Mandat présidentiel de 7 ans : Moundiaye Cissé dénonce une « remise en cause de la volonté populaire »
SENTV : La proposition visant à rétablir un mandat présidentiel de sept ans continue de susciter un vif débat sur la scène politique sénégalaise. Alors que certains responsables du mouvement Kiiraay, notamment Baye Mayoro Diop, plaident pour l’organisation d’un référendum afin de faire passer la durée du mandat présidentiel de cinq à sept ans, des voix s’élèvent déjà pour dénoncer cette initiative.
Parmi les opposants figure Moundiaye Cissé, directeur exécutif du Collectif des organisations de la société civile pour les élections (COSCE). Dans une réaction ferme, il estime que cette proposition constitue une grave erreur politique et remet directement en cause une décision déjà tranchée par le peuple sénégalais.
Selon lui, le retour à un septennat reviendrait à ignorer la volonté souveraine des citoyens qui s’étaient prononcés en faveur du quinquennat lors du référendum constitutionnel de 2016. Il considère qu’une telle démarche porterait atteinte aux acquis démocratiques du pays et créerait un précédent préoccupant en matière de respect des choix populaires.
Moundiaye Cissé qualifie ainsi cette initiative de « véritable farce » et n’hésite pas à parler d’« insulte aux Sénégalaises et aux Sénégalais », estimant qu’il est inapproprié de rouvrir un débat sur une question déjà arbitrée par les urnes.
À l’origine de cette controverse, les promoteurs de la réforme soutiennent qu’un mandat de sept ans offrirait davantage de stabilité institutionnelle et laisserait au chef de l’État le temps nécessaire pour mettre en œuvre des politiques publiques de long terme. Ils avancent également que cette durée favoriserait une meilleure mobilisation des ressources et une exécution plus efficace des grands projets de développement.

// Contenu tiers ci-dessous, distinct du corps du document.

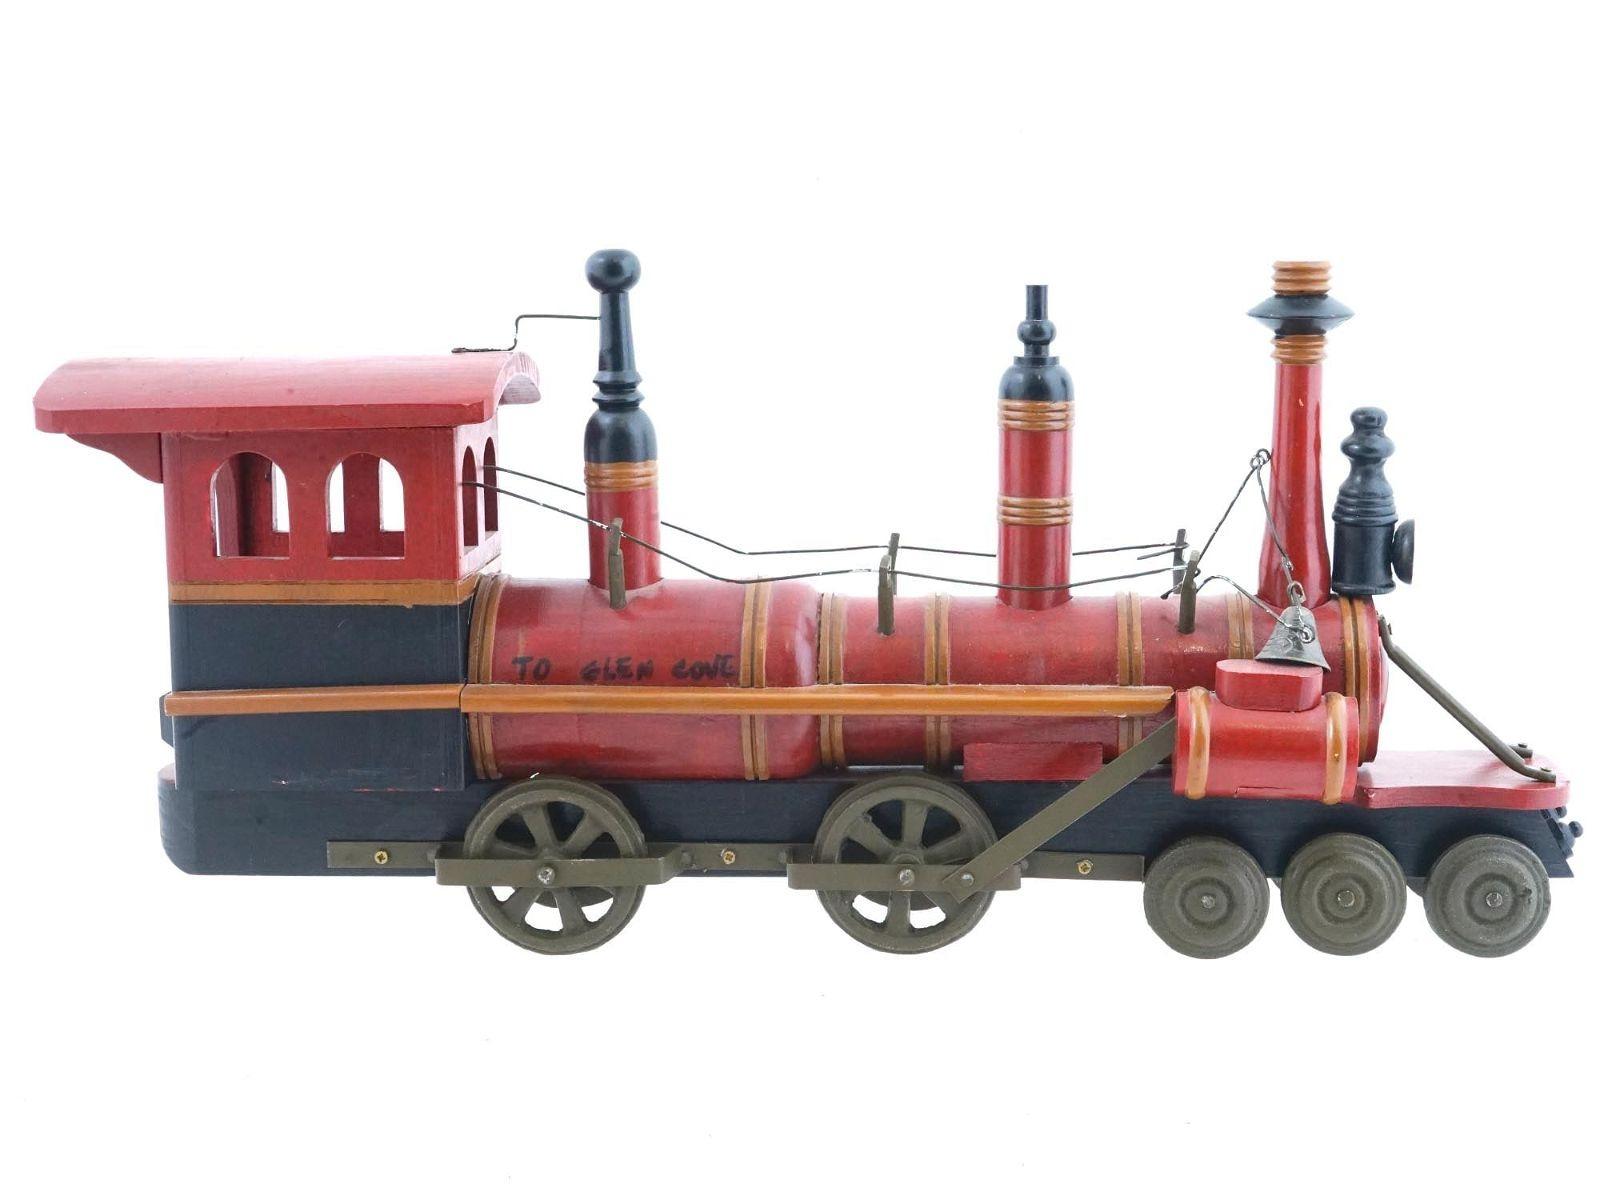 20th Century Vintage Steam Locomotive Toy For Sale

Le débat intervient dans un contexte où les questions liées aux réformes institutionnelles continuent d’alimenter les discussions au sein de la classe politique et de la société civile. Pour l’heure, aucune procédure officielle de révision de la durée du mandat présidentiel n’a été engagée, mais les prises de position des différents acteurs laissent présager des échanges nourris dans les prochaines semaines.